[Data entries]
= Beginning of Section =

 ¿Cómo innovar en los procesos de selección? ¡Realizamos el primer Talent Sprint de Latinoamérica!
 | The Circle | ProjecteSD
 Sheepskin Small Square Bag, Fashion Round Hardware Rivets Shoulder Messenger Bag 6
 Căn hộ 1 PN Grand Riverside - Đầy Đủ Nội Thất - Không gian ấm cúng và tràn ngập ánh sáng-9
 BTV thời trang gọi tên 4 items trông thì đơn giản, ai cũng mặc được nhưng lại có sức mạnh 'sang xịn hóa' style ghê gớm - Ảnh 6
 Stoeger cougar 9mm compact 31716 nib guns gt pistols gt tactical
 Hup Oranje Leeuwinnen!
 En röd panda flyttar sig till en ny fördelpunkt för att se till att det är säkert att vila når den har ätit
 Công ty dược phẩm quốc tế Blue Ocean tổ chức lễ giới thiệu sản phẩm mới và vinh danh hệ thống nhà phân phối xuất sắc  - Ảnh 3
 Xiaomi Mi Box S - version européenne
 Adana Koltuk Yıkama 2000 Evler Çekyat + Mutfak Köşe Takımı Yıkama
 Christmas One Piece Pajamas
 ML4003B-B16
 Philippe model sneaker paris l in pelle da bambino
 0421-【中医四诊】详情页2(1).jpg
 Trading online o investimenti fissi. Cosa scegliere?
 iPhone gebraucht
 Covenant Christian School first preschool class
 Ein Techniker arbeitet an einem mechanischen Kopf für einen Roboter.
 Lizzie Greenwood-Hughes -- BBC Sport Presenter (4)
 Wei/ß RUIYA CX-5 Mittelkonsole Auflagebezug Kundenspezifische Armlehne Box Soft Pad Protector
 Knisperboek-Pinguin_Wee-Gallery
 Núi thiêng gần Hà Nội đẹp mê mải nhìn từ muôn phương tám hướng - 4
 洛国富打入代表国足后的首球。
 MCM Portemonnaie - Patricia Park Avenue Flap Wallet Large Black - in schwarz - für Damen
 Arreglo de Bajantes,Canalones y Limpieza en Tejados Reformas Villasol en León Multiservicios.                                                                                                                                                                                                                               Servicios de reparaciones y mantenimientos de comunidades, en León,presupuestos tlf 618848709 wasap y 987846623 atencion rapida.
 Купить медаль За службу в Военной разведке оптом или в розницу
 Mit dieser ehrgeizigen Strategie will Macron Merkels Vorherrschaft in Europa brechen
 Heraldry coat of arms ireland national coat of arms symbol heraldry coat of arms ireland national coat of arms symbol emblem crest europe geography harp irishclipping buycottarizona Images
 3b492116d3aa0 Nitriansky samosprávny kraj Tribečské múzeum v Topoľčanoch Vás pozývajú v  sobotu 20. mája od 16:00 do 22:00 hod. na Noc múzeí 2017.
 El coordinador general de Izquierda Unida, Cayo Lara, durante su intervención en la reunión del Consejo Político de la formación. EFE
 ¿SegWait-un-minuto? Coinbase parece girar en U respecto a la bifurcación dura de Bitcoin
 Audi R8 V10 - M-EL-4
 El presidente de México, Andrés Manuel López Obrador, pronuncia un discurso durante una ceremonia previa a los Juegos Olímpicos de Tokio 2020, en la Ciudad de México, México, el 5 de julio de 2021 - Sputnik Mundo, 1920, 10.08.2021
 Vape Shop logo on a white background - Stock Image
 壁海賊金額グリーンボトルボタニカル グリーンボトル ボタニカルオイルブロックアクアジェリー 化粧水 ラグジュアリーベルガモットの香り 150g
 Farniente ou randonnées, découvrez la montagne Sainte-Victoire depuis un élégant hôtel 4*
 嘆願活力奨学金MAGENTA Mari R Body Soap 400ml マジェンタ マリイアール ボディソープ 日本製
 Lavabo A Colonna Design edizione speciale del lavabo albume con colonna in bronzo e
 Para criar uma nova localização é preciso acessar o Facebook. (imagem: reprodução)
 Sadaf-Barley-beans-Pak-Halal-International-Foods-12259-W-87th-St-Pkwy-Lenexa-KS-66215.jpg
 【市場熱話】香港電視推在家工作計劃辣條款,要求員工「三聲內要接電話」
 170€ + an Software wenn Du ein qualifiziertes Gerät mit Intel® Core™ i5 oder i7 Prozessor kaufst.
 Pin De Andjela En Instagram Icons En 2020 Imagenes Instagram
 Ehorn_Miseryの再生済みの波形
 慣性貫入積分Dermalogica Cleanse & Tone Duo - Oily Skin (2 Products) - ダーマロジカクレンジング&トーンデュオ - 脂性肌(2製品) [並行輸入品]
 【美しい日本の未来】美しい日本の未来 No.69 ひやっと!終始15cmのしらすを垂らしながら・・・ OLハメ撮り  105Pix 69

= End of Section =

YOUR ASSIGNMENT: Look above for the line with "Philippe model sneaker" and the line with "Audi R8 V10 - M-EL-4"; transcribe both and all lines in between, exactly, and nothing else.

TASK ANSWER:
 Philippe model sneaker paris l in pelle da bambino
 0421-【中医四诊】详情页2(1).jpg
 Trading online o investimenti fissi. Cosa scegliere?
 iPhone gebraucht
 Covenant Christian School first preschool class
 Ein Techniker arbeitet an einem mechanischen Kopf für einen Roboter.
 Lizzie Greenwood-Hughes -- BBC Sport Presenter (4)
 Wei/ß RUIYA CX-5 Mittelkonsole Auflagebezug Kundenspezifische Armlehne Box Soft Pad Protector
 Knisperboek-Pinguin_Wee-Gallery
 Núi thiêng gần Hà Nội đẹp mê mải nhìn từ muôn phương tám hướng - 4
 洛国富打入代表国足后的首球。
 MCM Portemonnaie - Patricia Park Avenue Flap Wallet Large Black - in schwarz - für Damen
 Arreglo de Bajantes,Canalones y Limpieza en Tejados Reformas Villasol en León Multiservicios.                                                                                                                                                                                                                               Servicios de reparaciones y mantenimientos de comunidades, en León,presupuestos tlf 618848709 wasap y 987846623 atencion rapida.
 Купить медаль За службу в Военной разведке оптом или в розницу
 Mit dieser ehrgeizigen Strategie will Macron Merkels Vorherrschaft in Europa brechen
 Heraldry coat of arms ireland national coat of arms symbol heraldry coat of arms ireland national coat of arms symbol emblem crest europe geography harp irishclipping buycottarizona Images
 3b492116d3aa0 Nitriansky samosprávny kraj Tribečské múzeum v Topoľčanoch Vás pozývajú v  sobotu 20. mája od 16:00 do 22:00 hod. na Noc múzeí 2017.
 El coordinador general de Izquierda Unida, Cayo Lara, durante su intervención en la reunión del Consejo Político de la formación. EFE
 ¿SegWait-un-minuto? Coinbase parece girar en U respecto a la bifurcación dura de Bitcoin
 Audi R8 V10 - M-EL-4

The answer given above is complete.